According to the datasheet I can increase remote accuracy if the IC temperature is kept at 85C, so I’m trying to add some sort of IC heater mechanism to this circuit. It just so happens that the OVERT pin is an open-collector that goes low when the IC is at 85C. So I thought I could use this signal to toggle a heater circuit. That way, the circuit would maintain the IC at 85C.

Here’s the solution I came up with...

**broken link removed**

I added a JFET to the circuit. This JFET will be bonded to the MAX6692 IC. The idea is that when OVERT is high (actually, just disconnected) there's 0V at the gate and current flows, heating the IC. When OVERT goes low at 85C (actually, just gets grounded,) 3.3V will turn the JFET off.
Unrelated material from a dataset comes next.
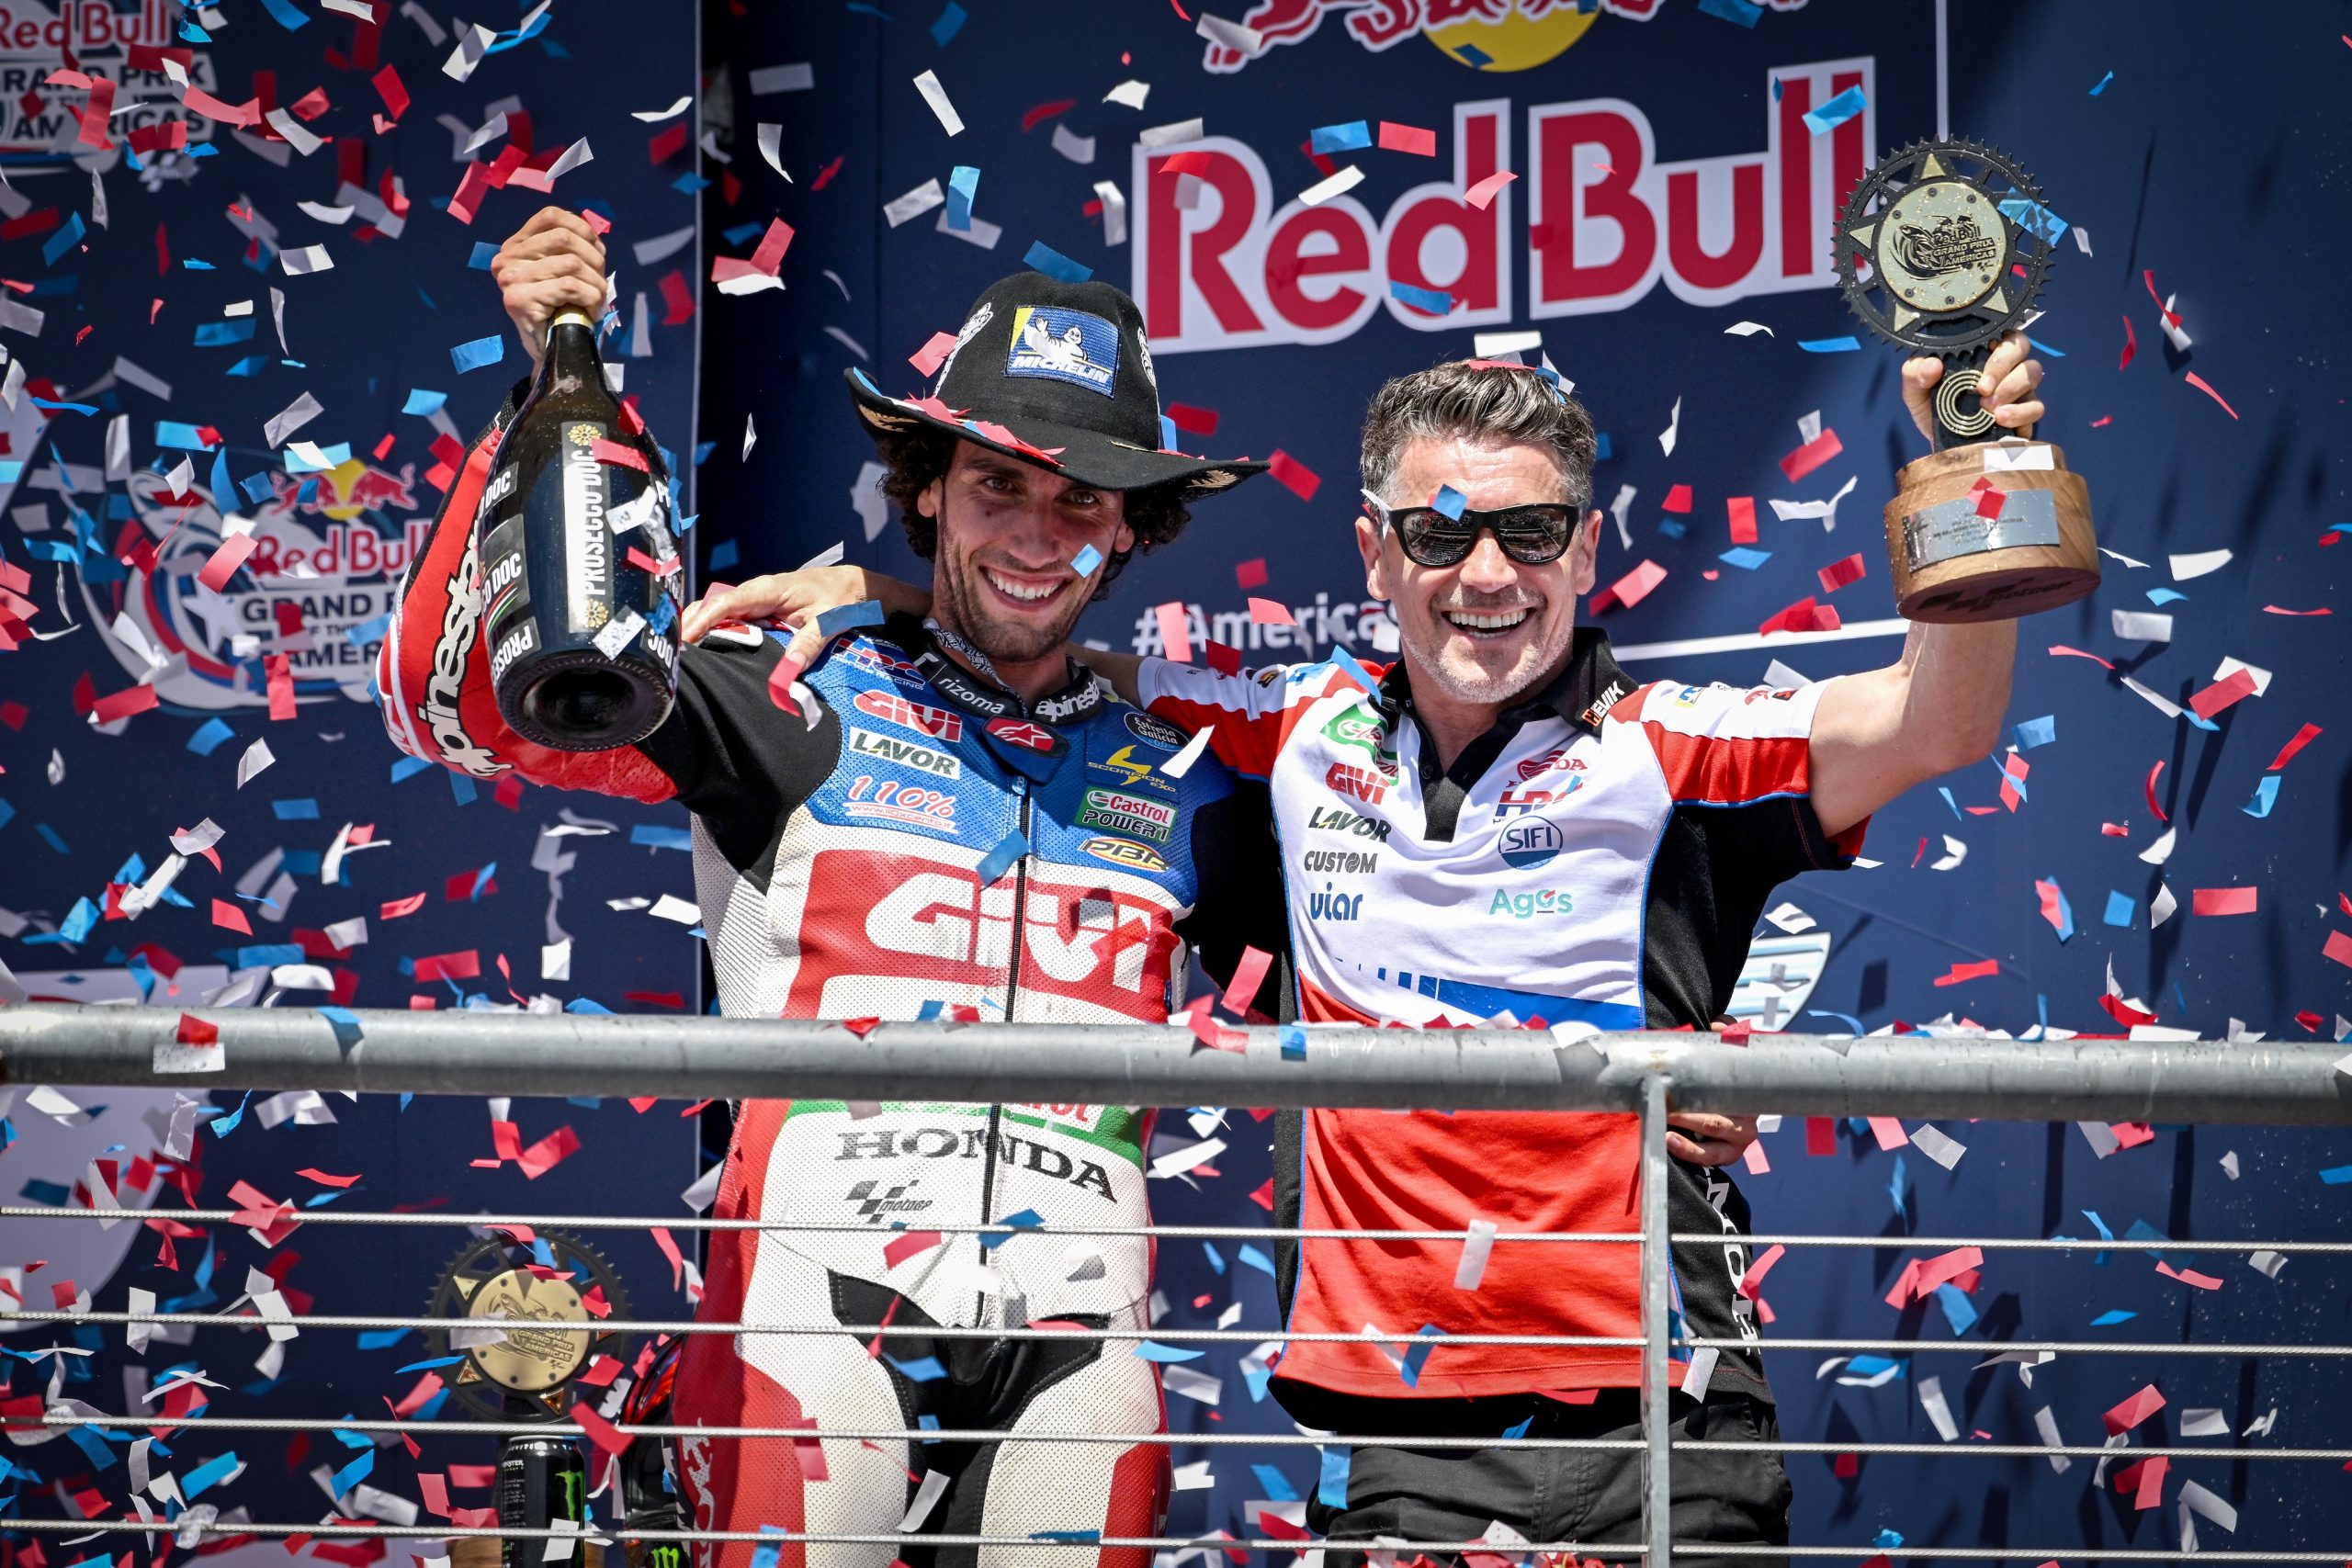 Setelah Penantian Lama, Akhirnya LCR Honda Puncaki Podium MotoGP Amerika Bersama Alex Rins

When OVERT goes high, the 10K resistor, which used to be a pull-up, now has a new job of shunting the JFET and then current flows again.
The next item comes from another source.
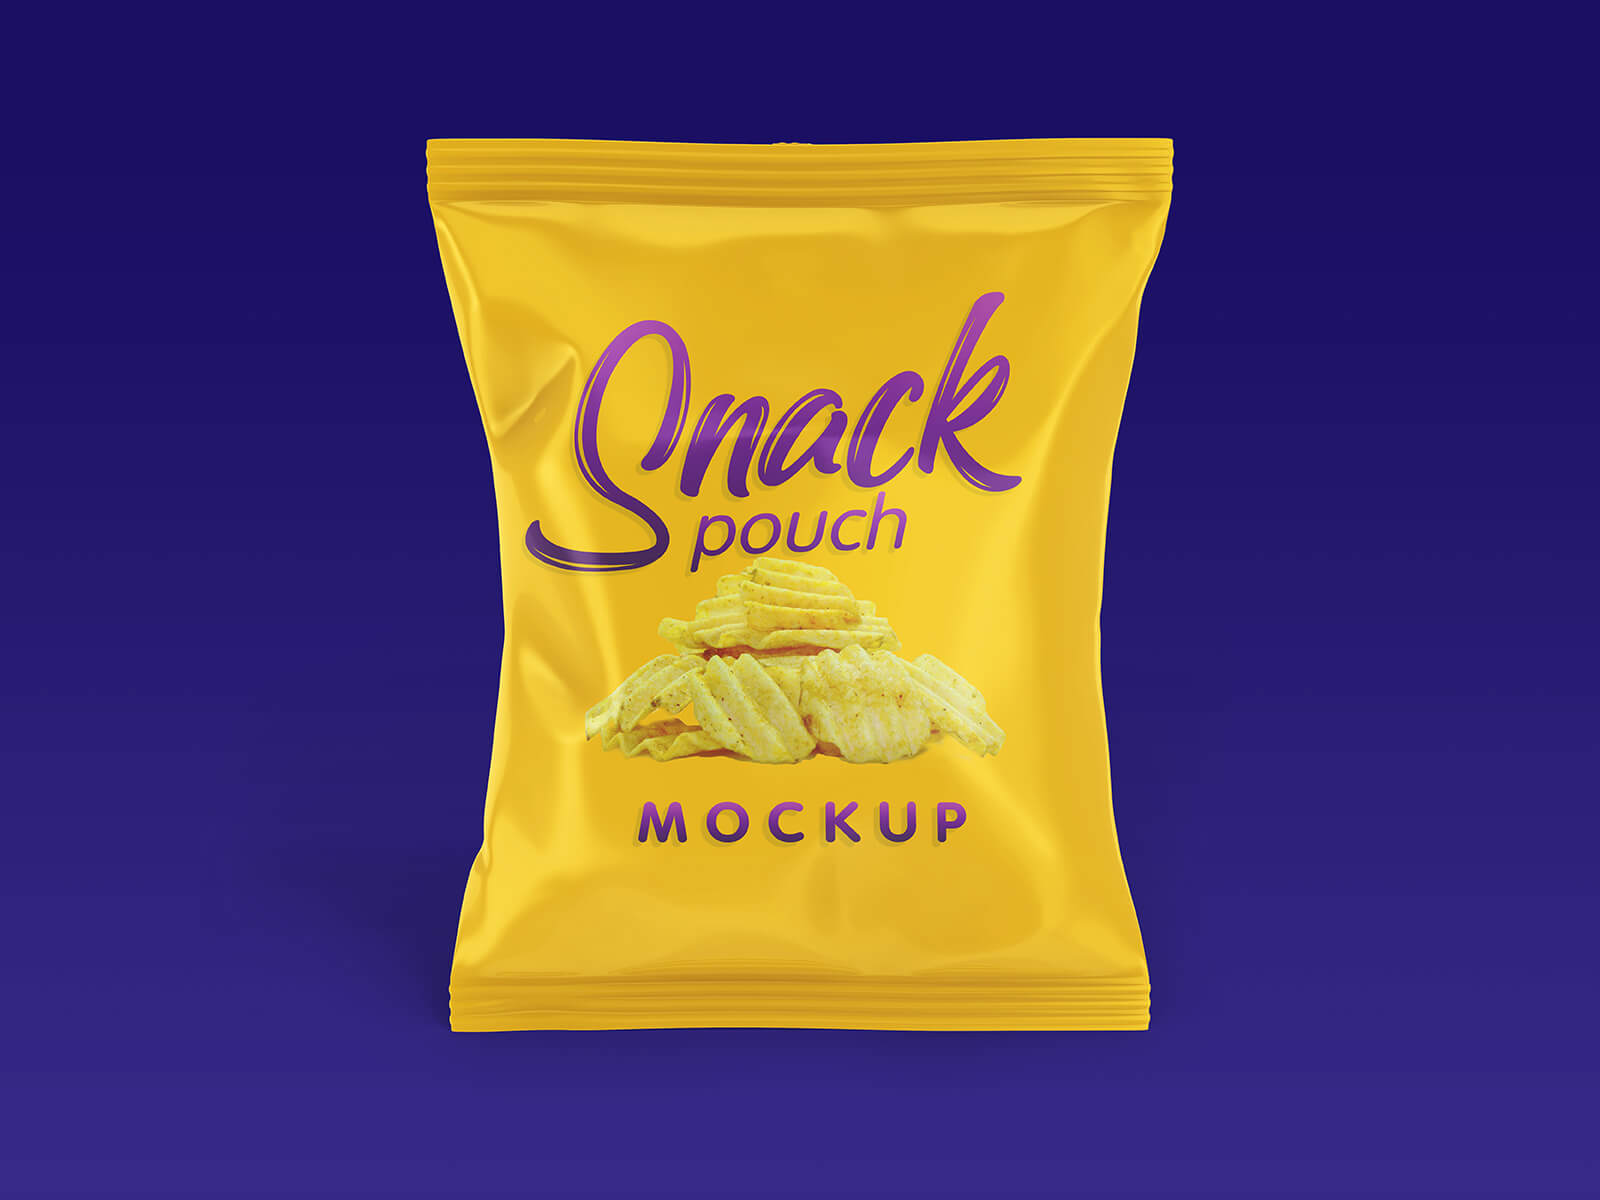 Snack Popch Packaging Mockup

The JFET I have in mind is a J113. Cutoff is 0.5V - 3V. The resistance across DS is 100 ohms. I figured I'll just connect a 9V battery right to the JFET and let it heat up. The JFET is rated at 400mW, but I'll be pumping 720mW into it. Hopefully, the fact that I turn it off at 85C will keep it from being destroyed, but I guess I just have to try it and see.

Does this make sense? Any and all thoughts are greatly appreciated. Thanks!

Maxim MAX6692 datasheet
https://www.electro-tech-online.com/custompdfs/2004/08/MAX6648-MAX6692.pdf

J113 JFET datasheet
**broken link removed**
 
Where exactly in the datasheet did you read remote accuracy increases if the chip is 85°C ?...

Doesn't make much sense to me, and I can't find it in the datasheet.
Remote accuracy may increase if the remote sensing element's (the transistor itself) temperature gets higher...

And even so, it'll probably be 0.5°C of precision that's at stake, what's your application that requires such precision?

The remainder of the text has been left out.